1915. The place: Gailes, Ayrshire. There, volunteers from Glasgow's civvy street - tram workers, Boys' Brigade officers, and men from the Chamber of Commerce - were put through their paces.
Newspaper photographers took pictures of them making bayonet charges up and down the sand dunes.
Such exercises were, in the words of our sister paper, The Glasgow Herald, "in preparation for more serious work in Flanders".
For this was the Great War, and these men, most of them volunteers with the three service battalions of the Highland Light Infantry (HLI) - the 15th, the 16th, and the 17th - were being readied to fight the Germans on the Western Front and some would later endure the hell of battles such as the Somme.
The 15th was the Tramways battalion. The 16th was formed from officers of the Boys' Brigade. The 17th was the Commercials, the city's Chamber of Commerce.
They could trace their roots to a decision taken the previous September by the Glasgow Corporation. It decided to take steps to raise at least two battalions in the city. The cost of raising and equipping them would be met out of the Common Good Fund and there was a great response.
The 15th Tramway took just 16 hours to raise.
According to Proud Heritage, a later book on the HLI, by Lieutenant Colonel L B Oatts, the best of the recruits were "strong enough to drive a bayonet through a two-inch deal board".
Former members of the BB, eager to fight the Germans, formed the 16th as soon as the Corporation made its decision.
Directors at the Chamber of Commerce agreed to form their own battalion, the 17th.
They were not the first service battalions of the HLI, said Lieutenant Colonel Oatts. The 10th and 11th had been raised "by the beat of the drum" a week earlier.
"They did, however, represent the first official response by the city to the national call for arms," he added.

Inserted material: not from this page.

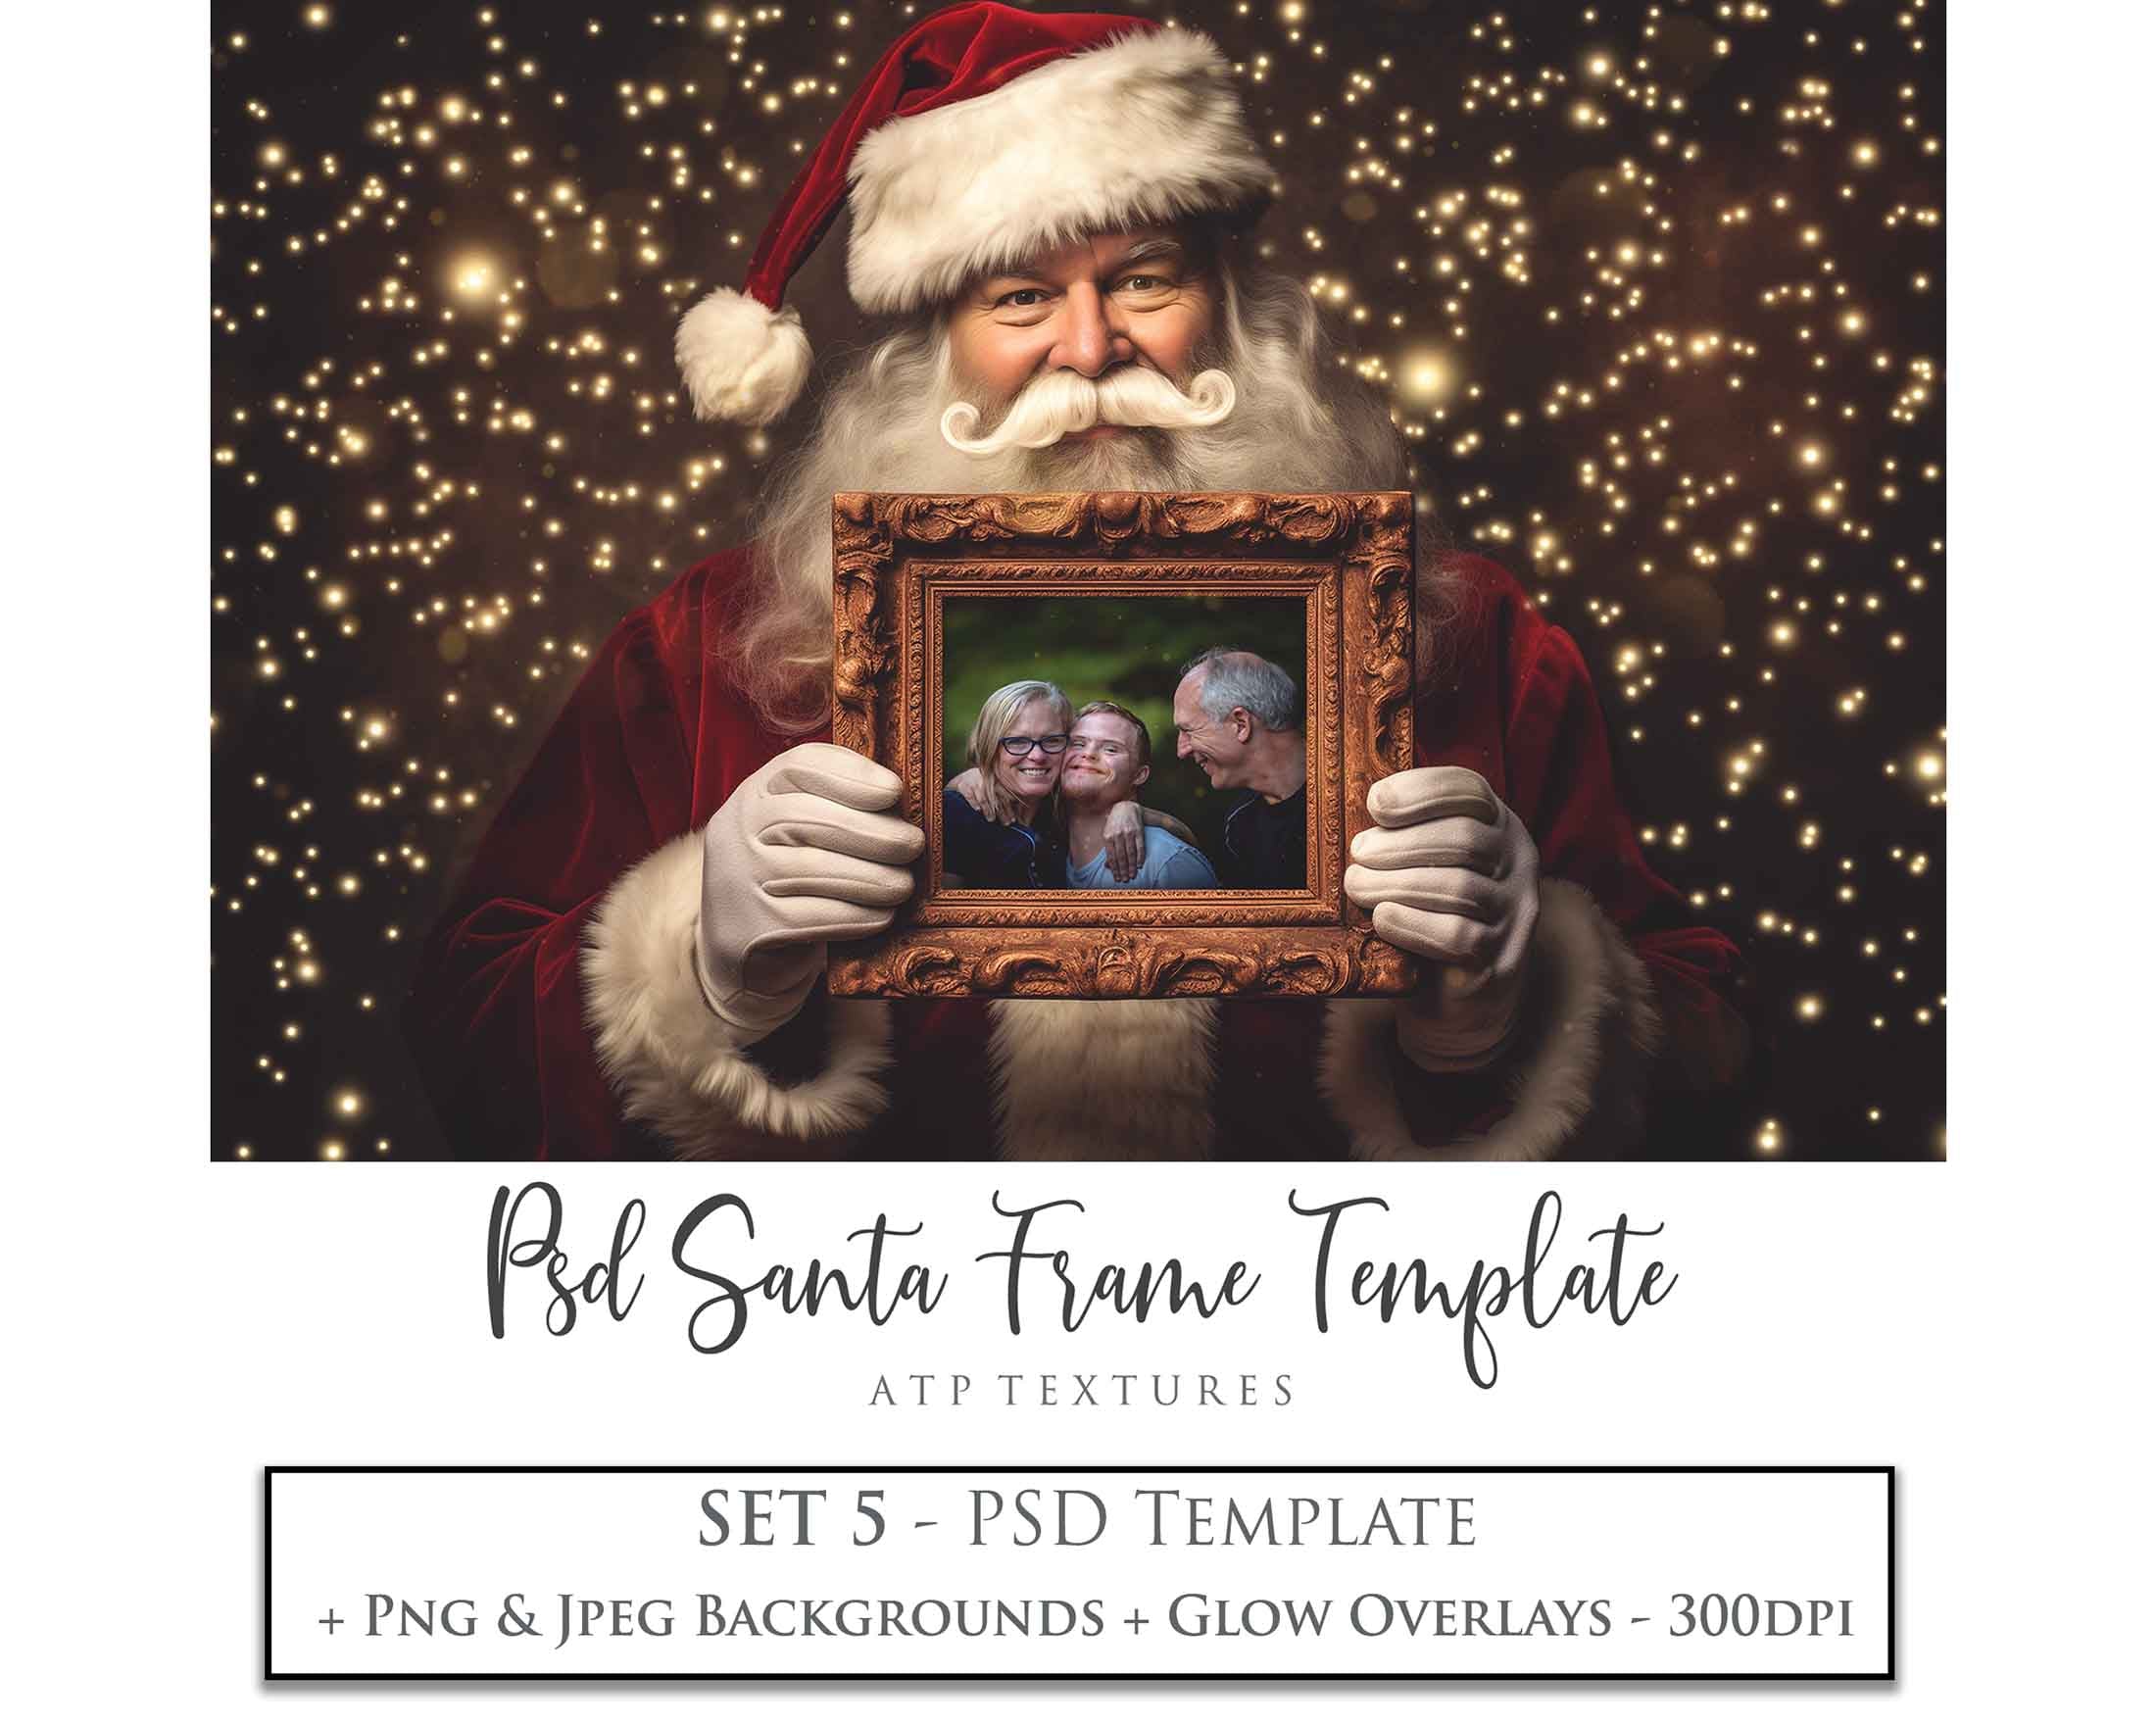 Digital Santa with Frame Background. Png snow and glow overlays & PSD Template. The frame is transparent, perfect for adding your own images. The file is 6000 x 4000, 300dpi. Png Included. Use for Christmas edits, Photography, Card Crafts, Scrapbooking. Xmas Backdrops. Santa holding a frame.

Uniforms and equipment for the 15th, 16th and 17th battalions had to be turned out in factories. It took a year to get the three into the field of battle.
Ayrshire played a big part in their early preparations.
While they were down there, they would be inspected by important visitors from Glasgow, such as the Lord Provost and members of Glasgow Corporation.
The men of the 17th were billeted with local people in Troon. Before long, the three battalions would make their way to England for further training, then made their way to the Front, where they would fight alongside the regular troops in the British Army.
Many of them would never see their home again. Others did return to Scotland, but at great personal cost.
Some suffered from physical wounds received on the field of battle. Others suffered severe mental anguish resulting from the horrendous sights and sounds they had to endure in the trenches.
"For men who were volunteers they served their country magnificently," says Jim Devine, secretary of the modern-day HLI Association.
"The point to remember is that up until 1914 Britain had never faced a major industrial power in war, as it then did with Germany. The wars before then had, for the most part, been colonial wars in which Britain had had the upper hand in men, material and technology.
"But this was a very different scenario.
"Most of the cream of the regular army had been lost in the first year of the Great War, because they had been sent to places such as Mons to fight. The cadre of the seasoned regular troops was heavily reduced by such battles.
"So there was a massive need for more troops to replace them."
During the war, Glasgow formed the equivalent of 26 battalions of the HLI. Back then, a battalion would have consisted of nearly 1000 men, which gives an idea of the scale of the city's contribution.
Sometimes today they are confused with the "pals' battalions" which sprung up during the war all over Britain in response to the desperate need for more men on the front.
Mr Devine says: "The pals' battalions was more of an English phenomenon, and were made up of men from the same geographical area.
"A lot of the men in each pals' battalion would have been employed in the same factory or down the same colliery.
"The HLI service battalions were not, strictly speaking, pals' battalions - they were not geographically based, other than the fact their central point was Glasgow. These men came from all over the city."
The fighting on the Western Front took its toll on the 15th, 16th and 17th. They endured nightmarish conditions and suffered considerable losses amongst men and officers.
But their bravery did not go unnoticed - and played its part in helping Britain to victory.
"Many of them made the ultimate sacrifice," says Mr Devine who, together with HLI colleague Jim Urquhart went to the Riverside Museum, Glasgow, to look at the memorial plaque to the men of the 15th.
"But it speaks volumes for these ordinary Glasgow men that they were willing to take that risk to fight for their country."